> [TASK DESCRIPTION]:
Write out the data that follows exactly, keeping every picture out.

> [DATA EXCERPT]:
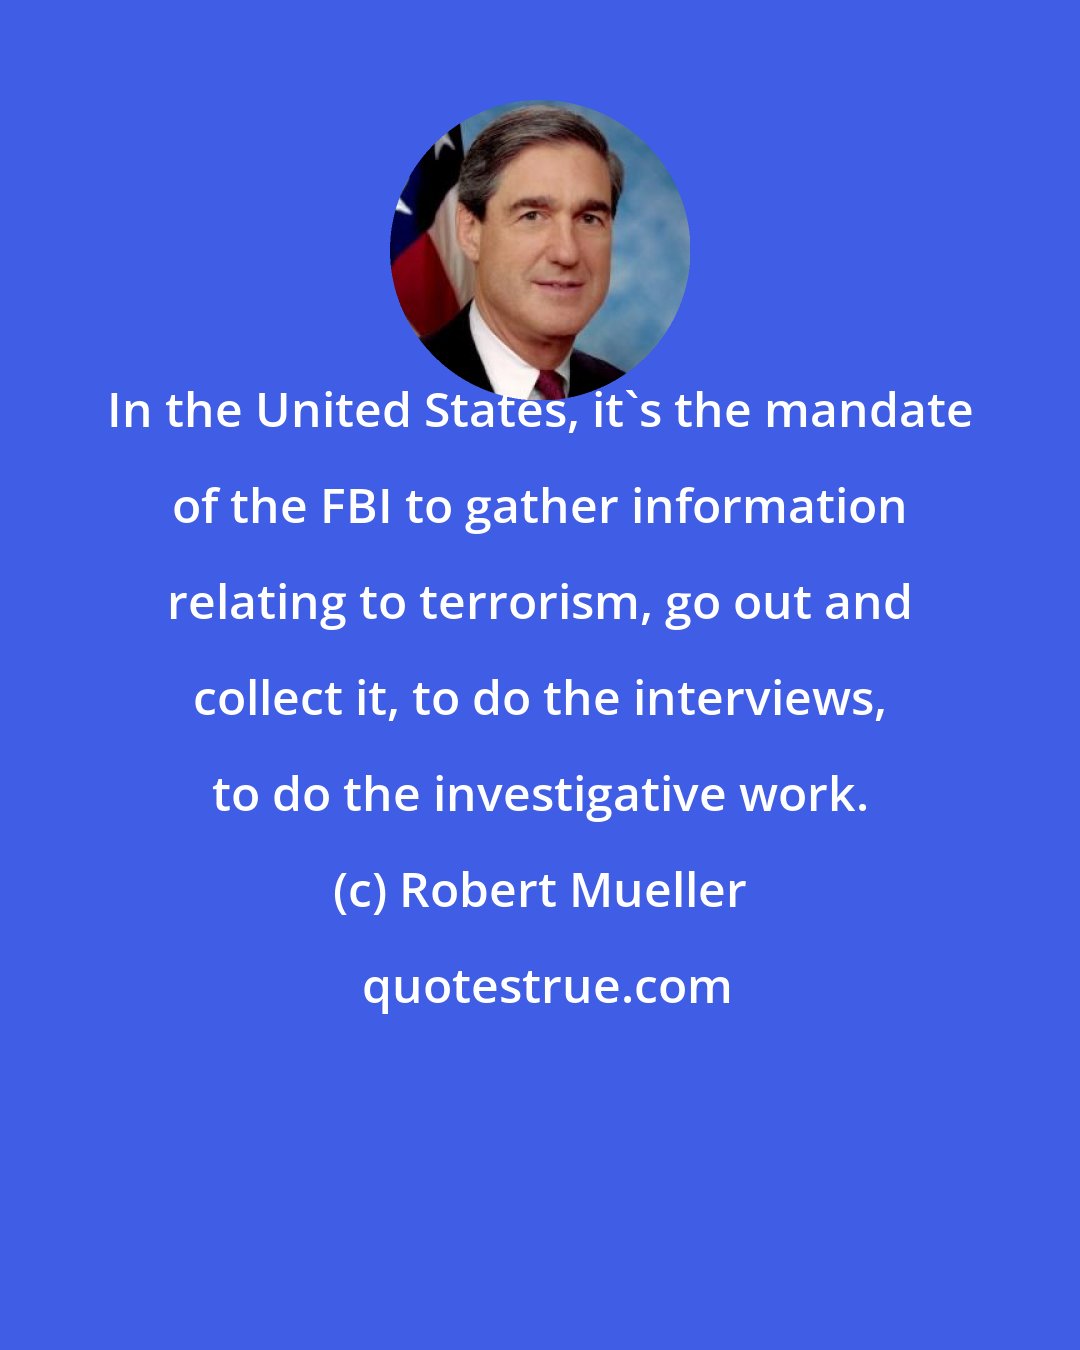 Robert Mueller: In the United States, it's the mandate of the FBI to gather information relating to terrorism, go out and collect it, to do the interviews, to do the investigative work.
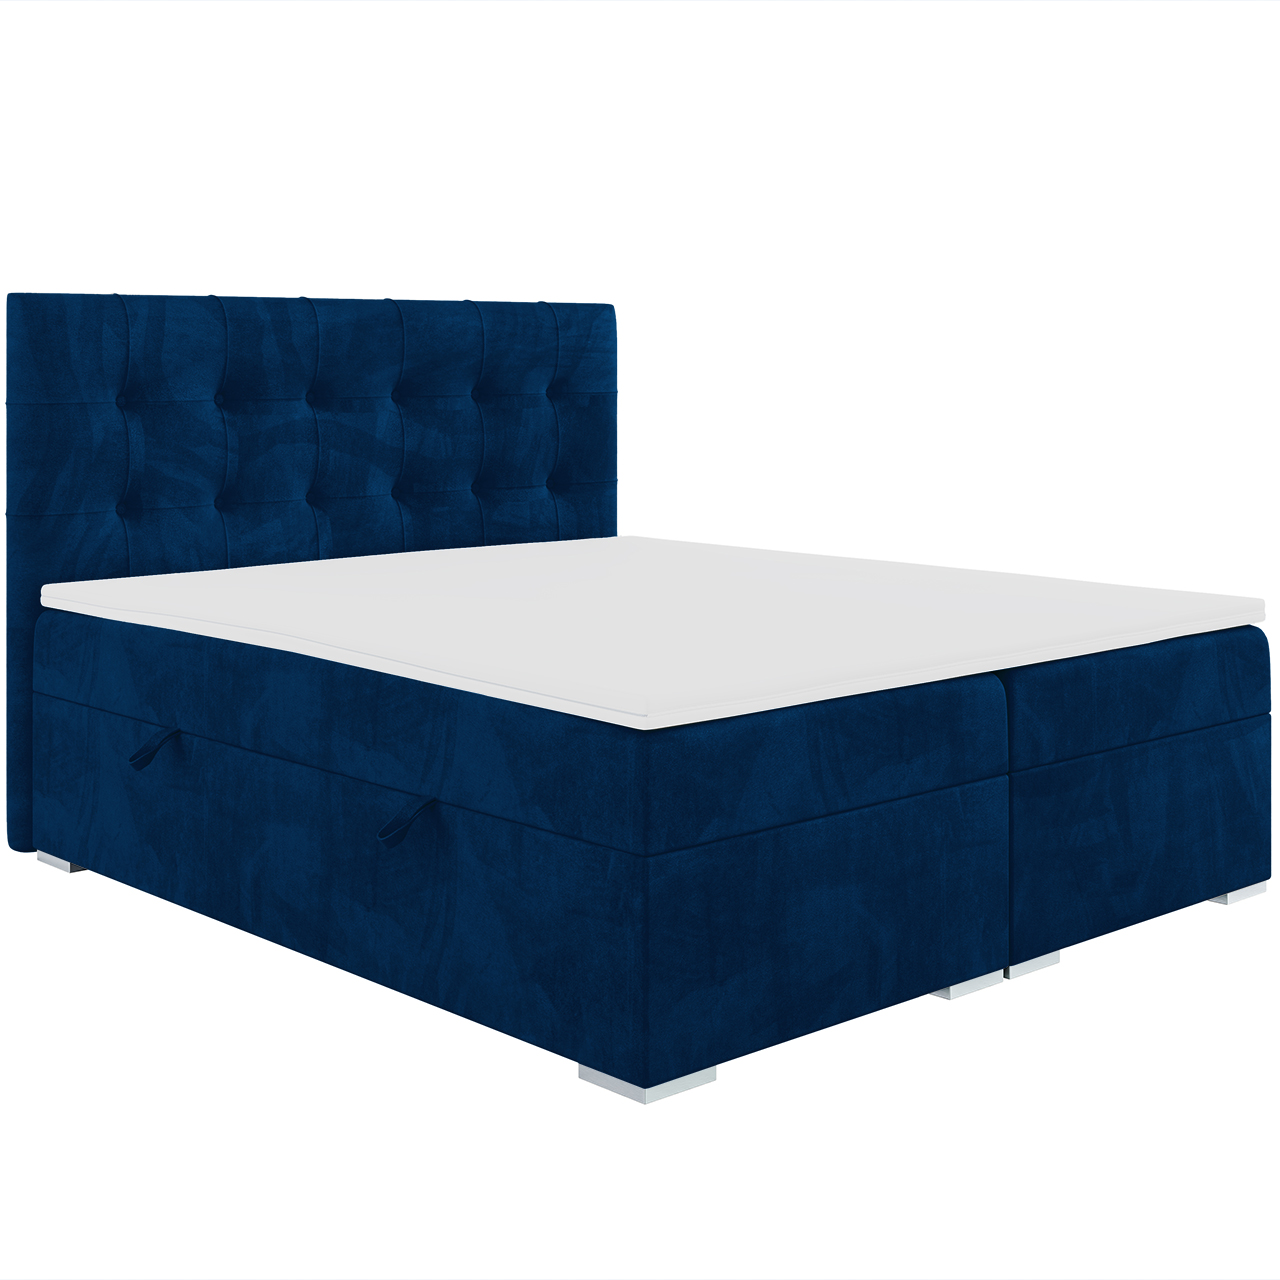 Upholstered bed CARLO 120x200 riviera 81
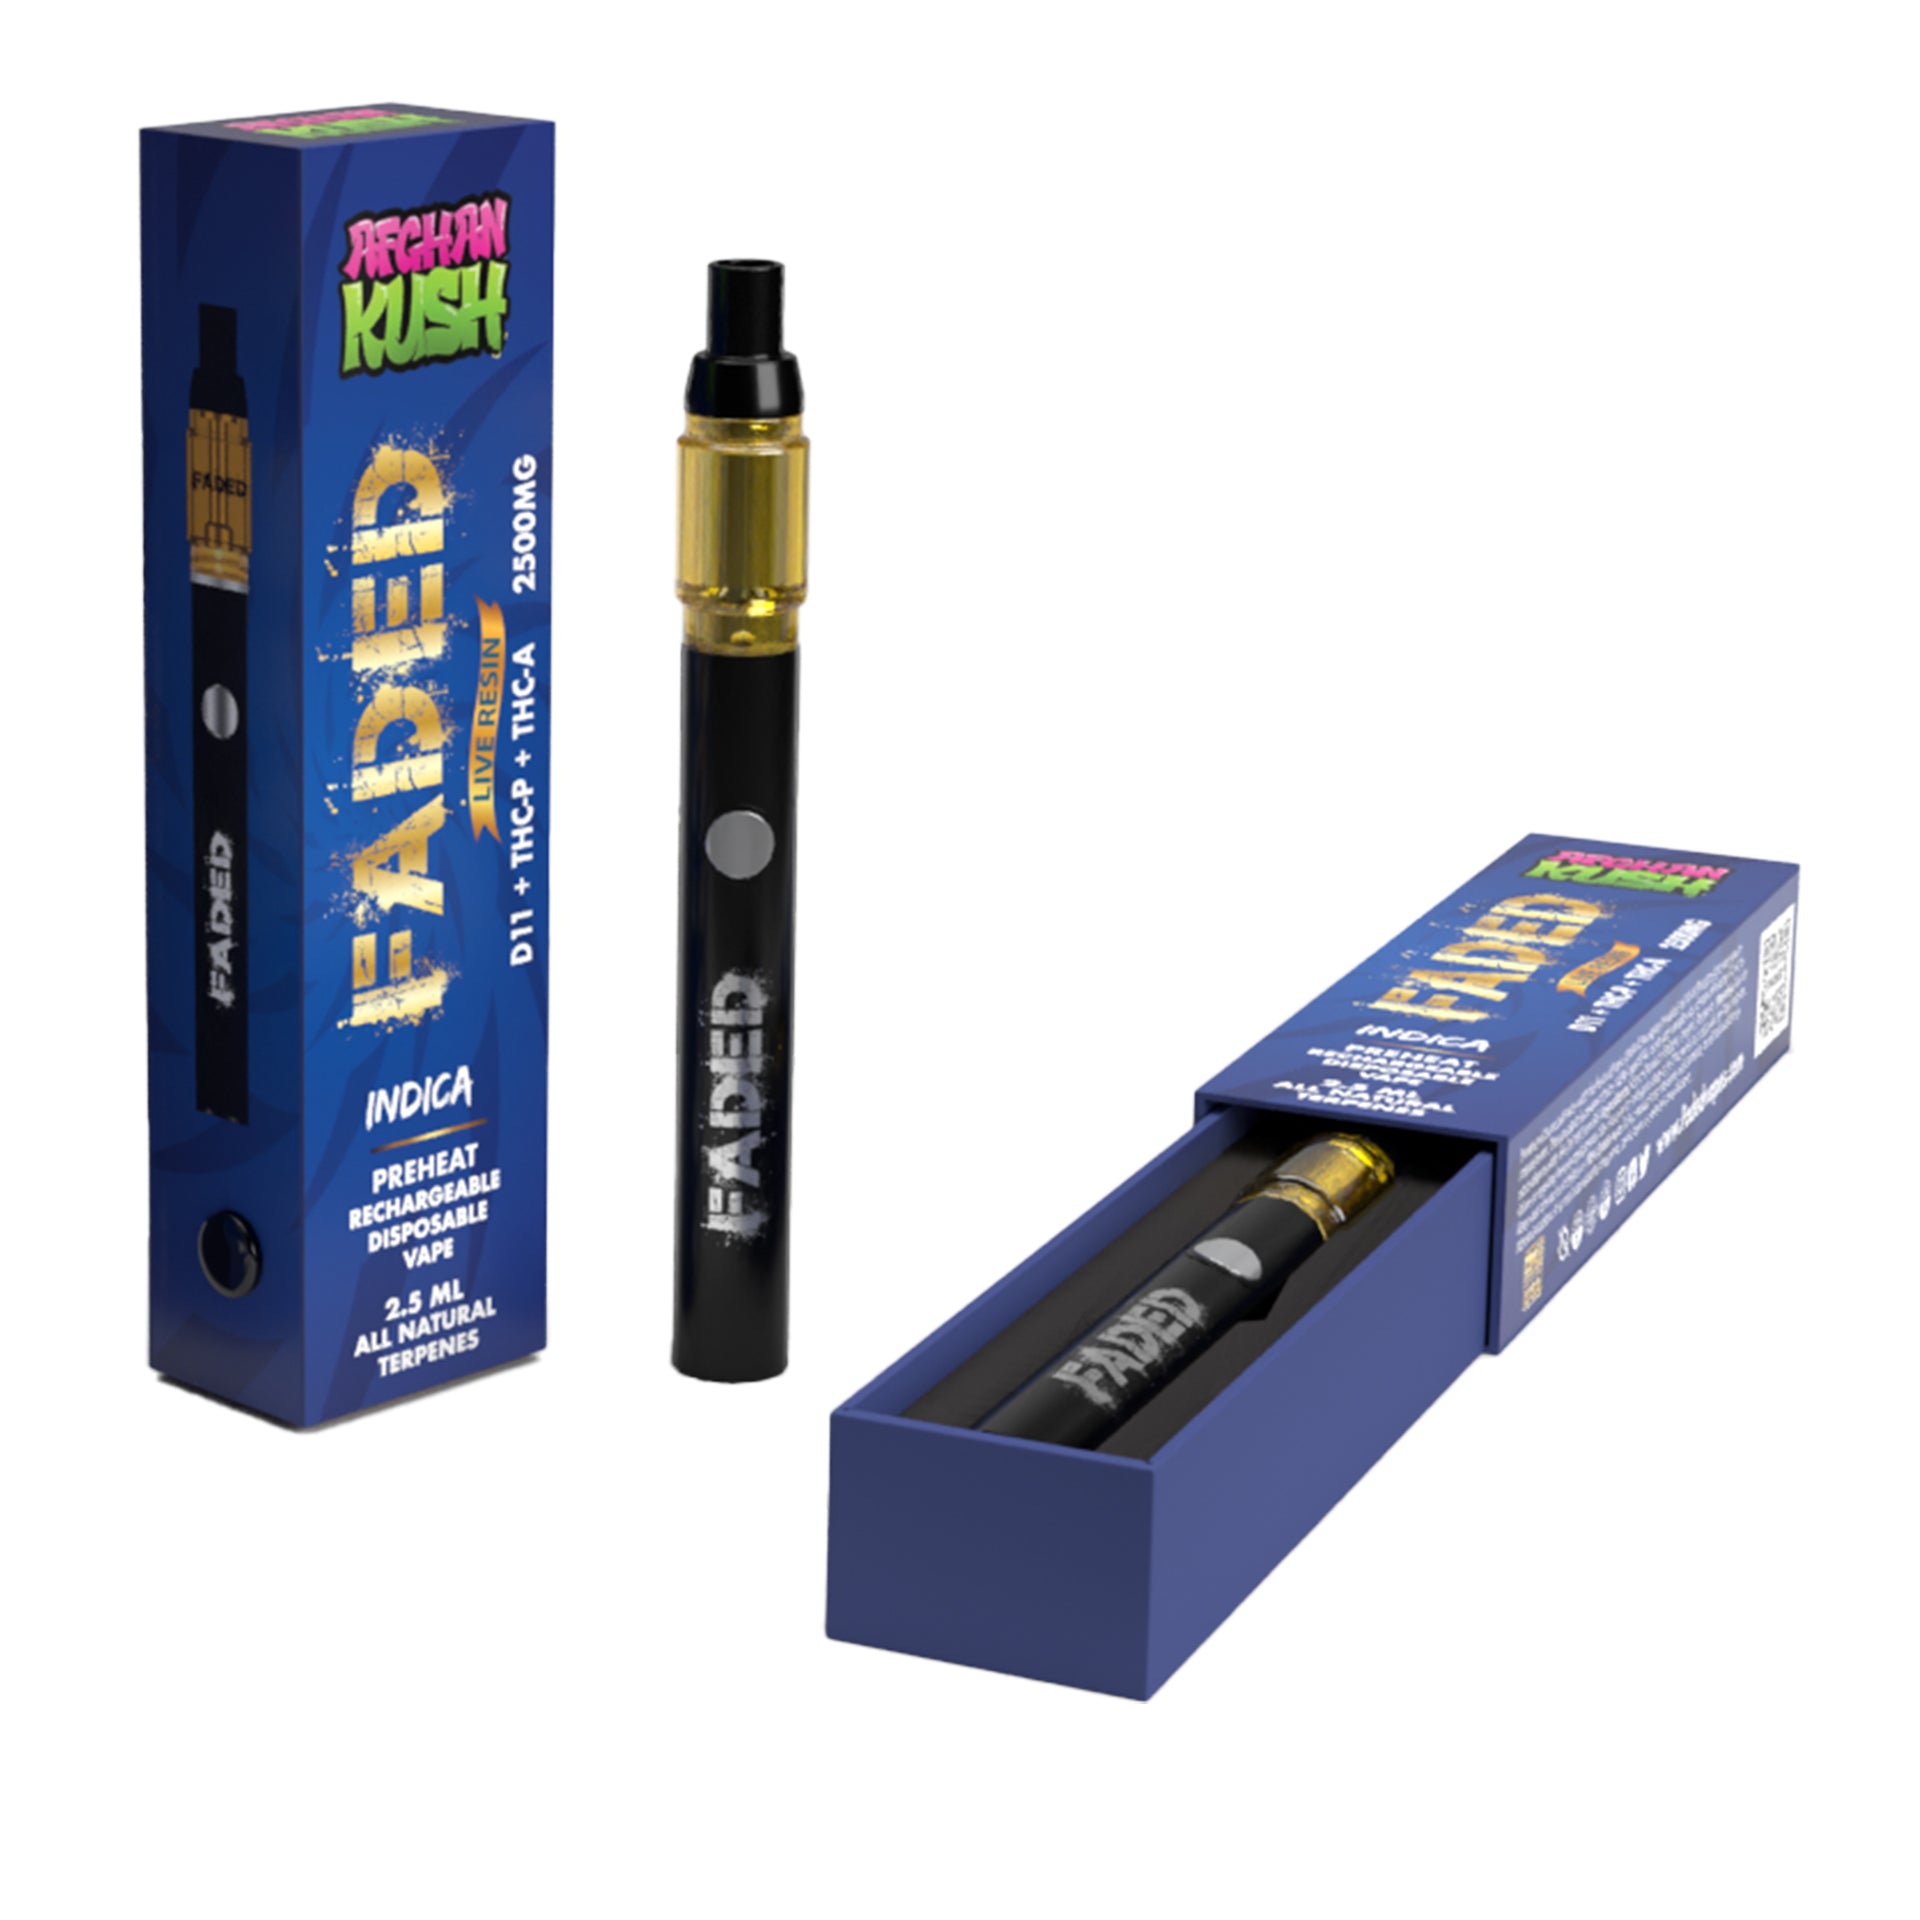 faded delta-11+thc-p+thc-a rechargeable disposable - indica afghan kush  2.5ml

> [RESPONSE BOX]:
 Robert Mueller: In the United States, it's the mandate of the FBI to gather information relating to terrorism, go out and collect it, to do the interviews, to do the investigative work.
 Upholstered bed CARLO 120x200 riviera 81
 faded delta-11+thc-p+thc-a rechargeable disposable - indica afghan kush  2.5ml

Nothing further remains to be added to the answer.